Condemning the murder of two more Philippine journalists in just over two weeks, the United Nations Educational, Scientific and Cultural Organization (UNESCO) today deplored the “tragic frequency” with which journalists are assassinated in the southeast Asian country.

Romeo Sanchez, a broadcaster at DZNL radio in San Fernando City, was shot dead by a gunman on 9 March in a market in Baguio, while Arnulfo Villanueva, a columnist for the Asian Start Express Balita community newspaper, was found shot dead on 28 February on a road in the town of Naic.

“The use of assassination to silence journalists is a grievous attack on democracy,” UNESCO Director-General Koïchiro Matsuura said. “It deprives society as a whole of the fundamental human right to freedom of expression and cannot be tolerated. Free and open debate is an essential component of democracy, which has no place for political assassination.”

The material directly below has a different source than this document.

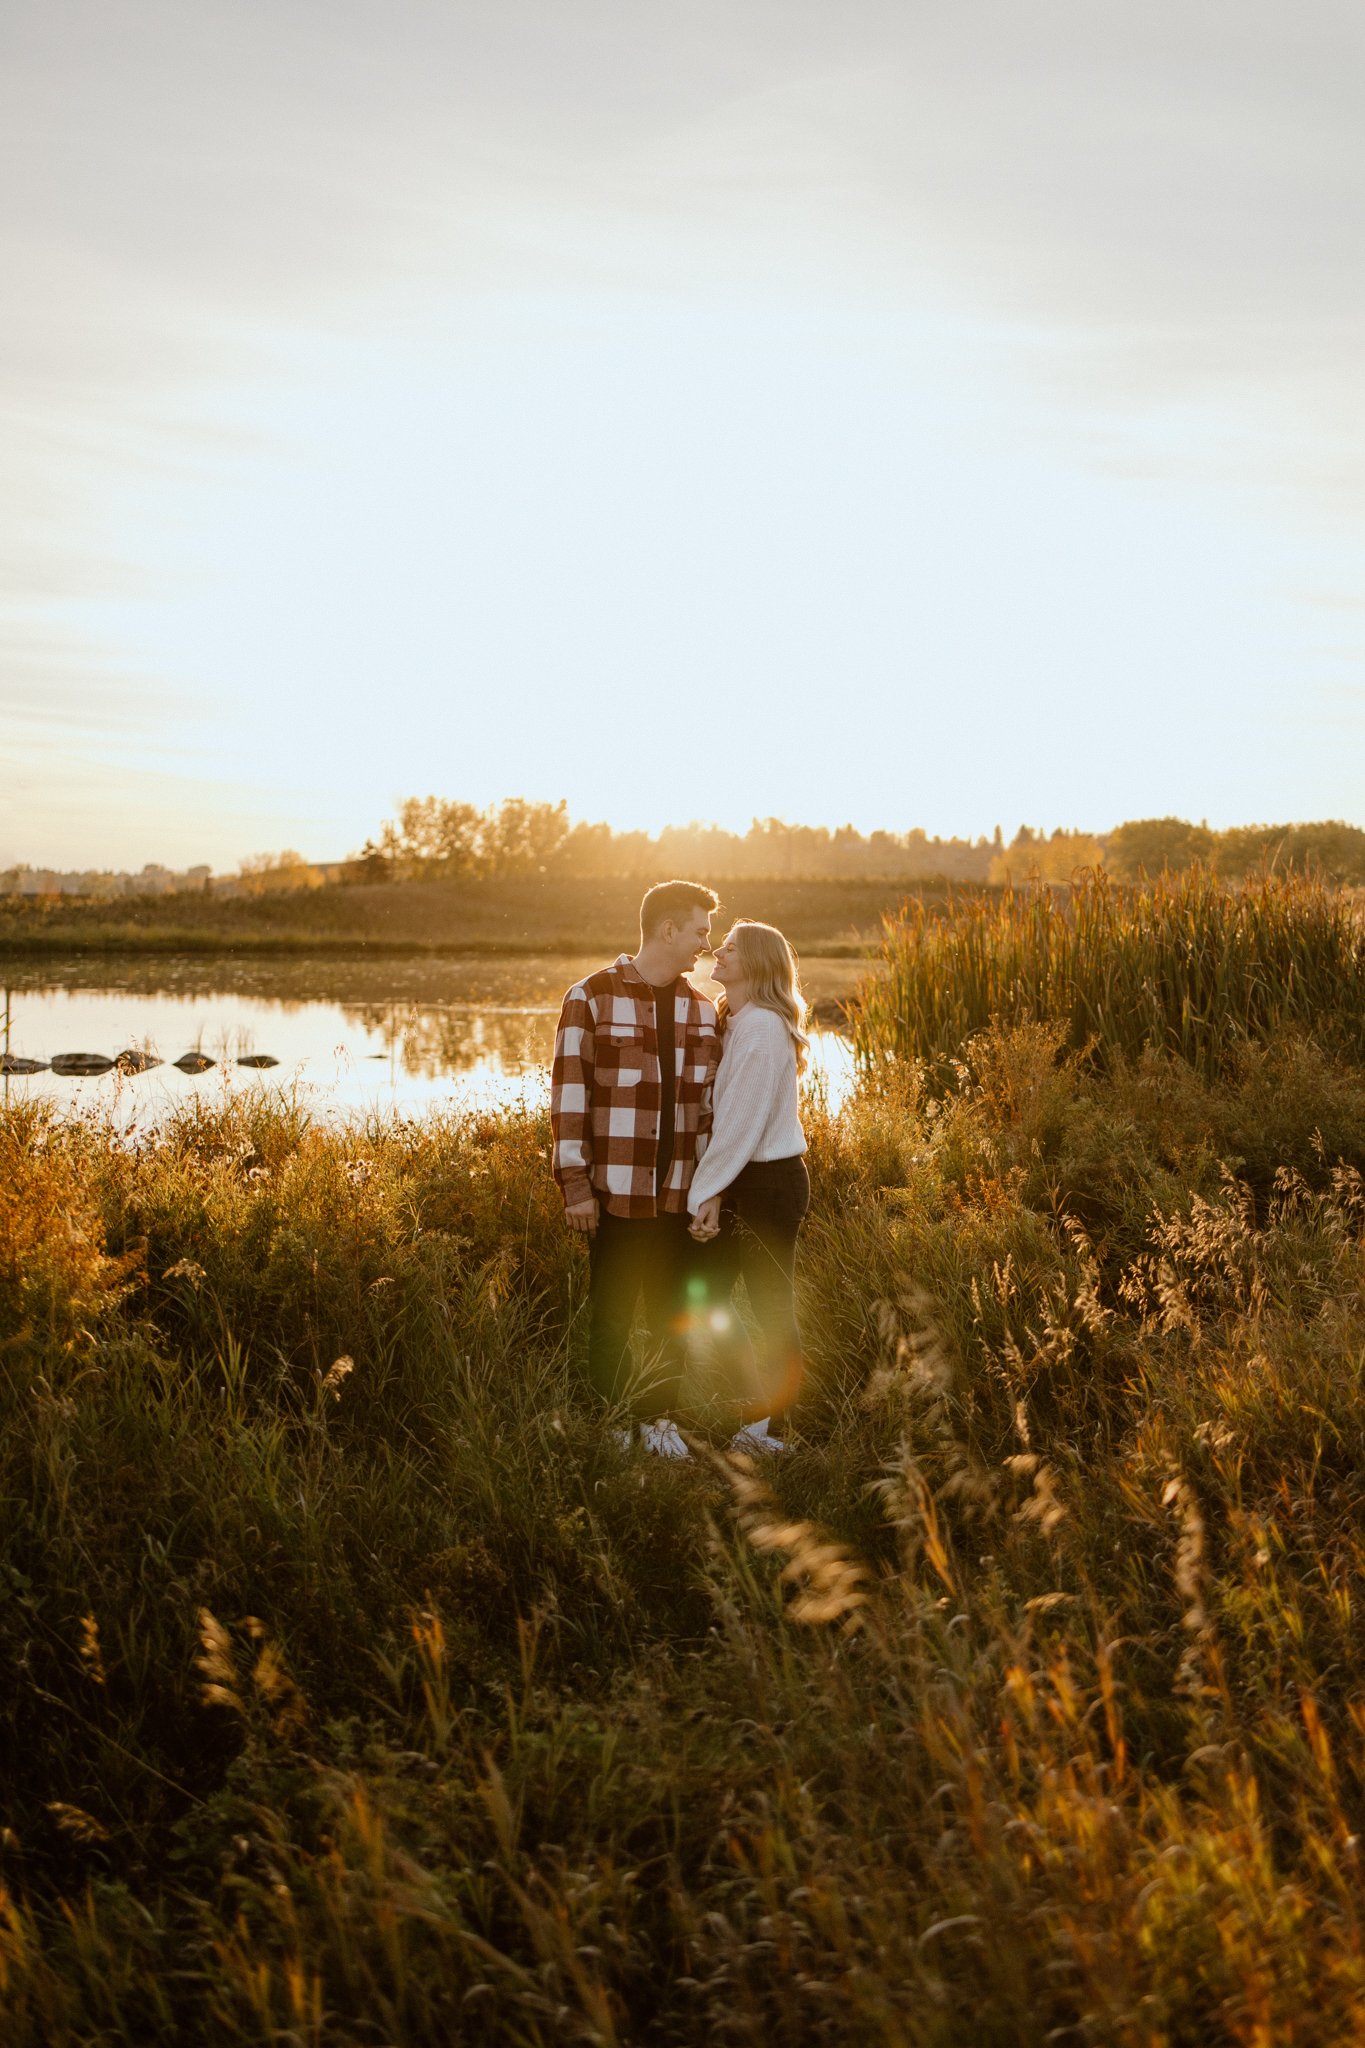 Calgary-wedding-photographer-love-and-be-loved-photography-Matthew-Kyra-Fish-Creek-Park-Fall-Engagement-Session-32.jpg

Calling on the Philippines' authorities to do all they can to bring the culprits to justice, he added: “It is only through swift and determined action against those who use violence to silence the media that the tragic frequency with which journalists are assassinated in the Philippines can be reduced.”

According to the World Association of Newspapers (WAN), at least eight journalists died in the Philippines last year “in circumstances suggesting that they may have been killed for exercising their profession.”

UNESCO’s mandate includes the defence of freedom of expression and press freedom, and it has issued numerous denunciations of violence against journalists around the world in recent years.